= United Nations Staff Selection System =

The United Nations Staff Selection System is a system of rules for recruitment, placement, promotion, and mobility of staff up to the D-2 level, incorporating mobility requirements and specific provisions for gender equality.

The United Nations Secretariat, in April 2010, pursuant to Secretary-General's bulletin ST/SGB/2002/5, promulgated United Nations Staff Selection System administrative instruction (ST/AI 2010/3) dated 22 April 2010. Administrative instruction ST/AI 2010/3 supersedes and abolishes the administrative instructions titled "Staff selection system" (ST/AI/ 2006/3/Rev.1), "Technical cooperation personnel and OPAS officers" (ST/AI/297 and Add.1), and "Movement of staff from the Field Service category to the Professional category" (ST/AI/360/Rev.1 and Corr.1). The new administrative instruction will remain in effect "until specifically amended or abolished". ST/AI 2010/3 applies to all appointments up to the D-2 level that have contracts of 1 year or longer. It excludes appointments at the Assistant Secretary-General and Under-Secretary-General levels, temporary appointments, and appointment of staff selected through a competitive examination.

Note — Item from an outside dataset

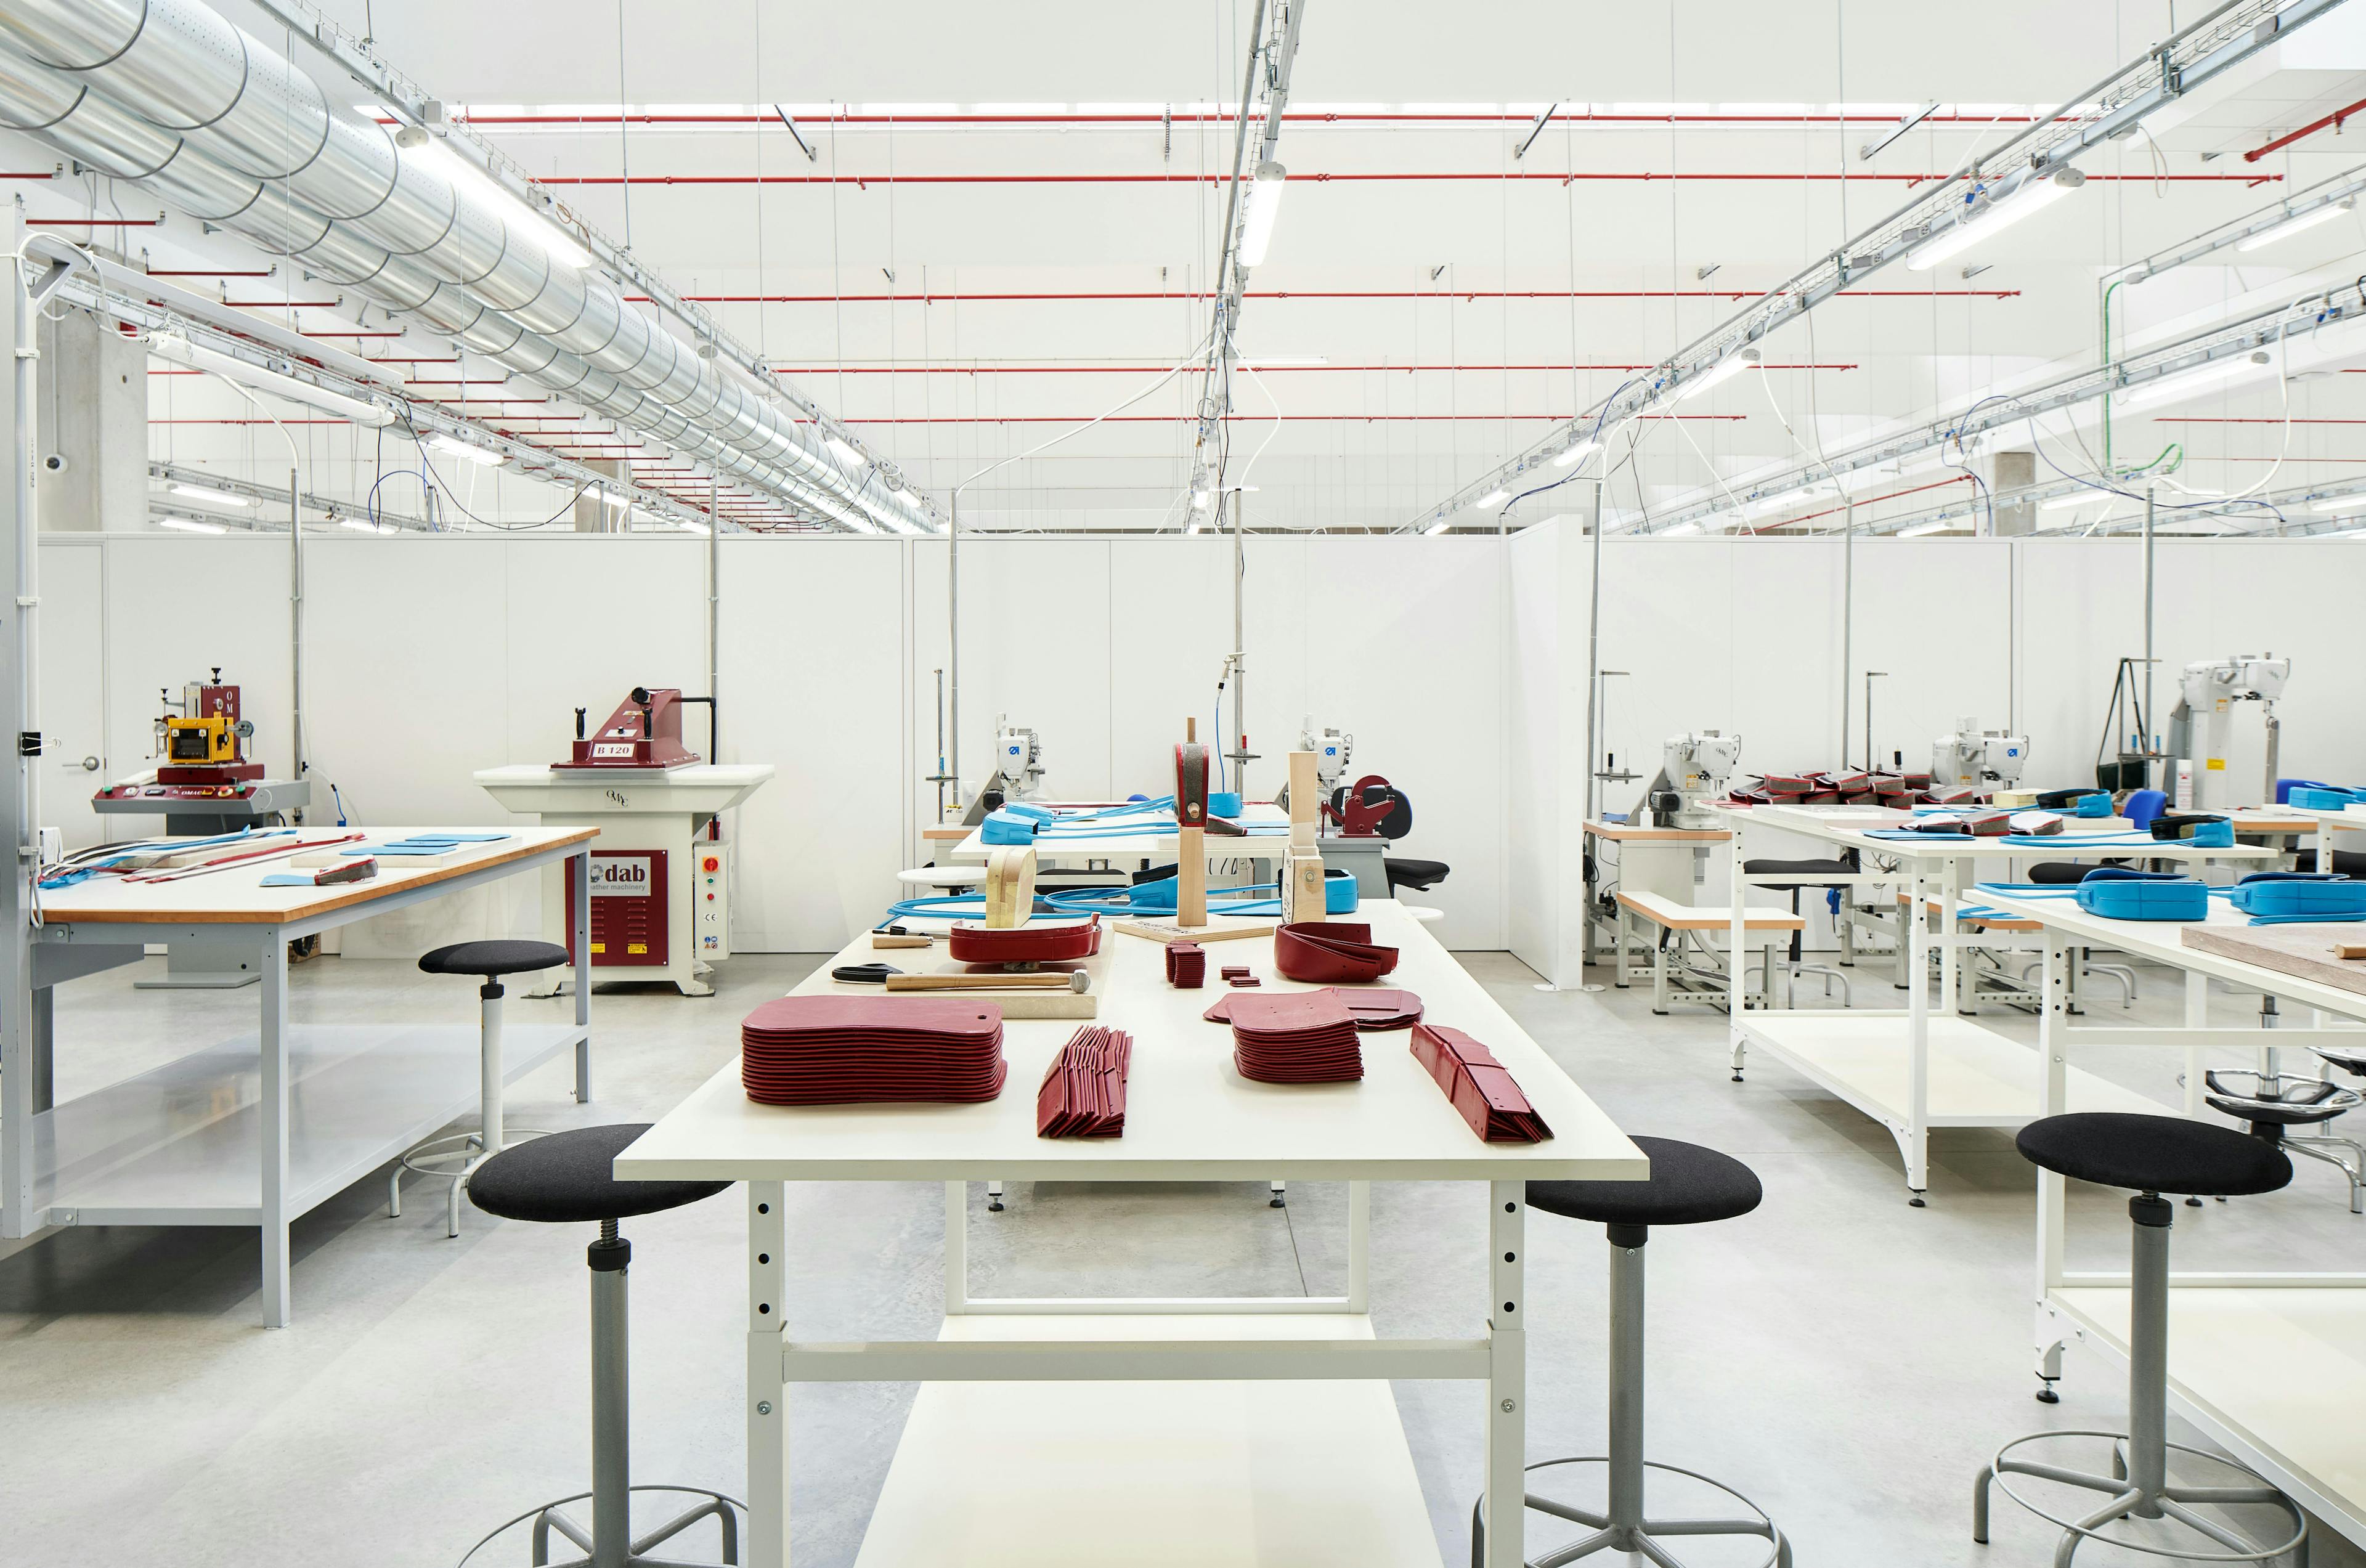 architecture building factory lab desk furniture table manufacturing workshop laboratory

The intent of the new system is to integrate "recruitment, placement, promotion and mobility of staff within the Secretariat" up to and including D-1 and equivalent posts. The new system introduces a new requirement of periodic 'mobility' for promotion for "Staff in the Professional and above categories, up to and including those at the D-2 level".

== ST/SGB and ST/AI==
In the hierarchy of UN laws, ST/Secretary-General bulletins (ST/SGB) are higher than ST/AI. ST/SGB are bulletins that promulgate "Regulations adopted by the General Assembly, establish Financial Rules, Staff Rules and the organizational structure of the Secretariat and contain important decisions of policy. They are issued by the Secretary-General and remain in effect from a given date until specifically amended or abolished". The ST/AI series are administrative instructions that implement ST/SGB. These "prescribe instructions and procedures ... and set forth office practices and procedures to be applied in more than one department of the Secretariat. These instructions remain in effect from a given date until specifically amended or abolished".

== Staff Selection System and gender equality in the UN ==

Affirmative measures to achieve gender equality in the UN system are contained in administrative instruction ST/AI/1999/9, "Special Measures for the Achievement of Gender Equality". This remains in force, and is listed under the heading Appointments, placement and promotion in the Annual Index to Administrative Issuance along with the administrative instruction on the Staff Selection System (ST/AI/2010/3). Since 2010, the UN Secretariat has contended that section 13.3 of the new Staff Selection System (ST/AI 2010/3) supersedes the administrative instruction on gender equality (ST/AI 1999/9), especially its section 1.8 on affirmative action as it is inconsistent with 2010/3. Similar provisions for gender equality existed in earlier Staff Selection System administrative instructions (ST/AI/2006/3). However, it has been reported that administrative instruction addressing gender equality in the UN has become a more prominent issue since 2010 and has been implemented reluctantly with diminishing enthusiasm by UN entities. UN Women, in contrast, continues to affirm that ST/AI/1999/9 is in effect and applicable. The Secretary General has also reiterated to the general assembly that ST/AI/1999/9 remains in effect.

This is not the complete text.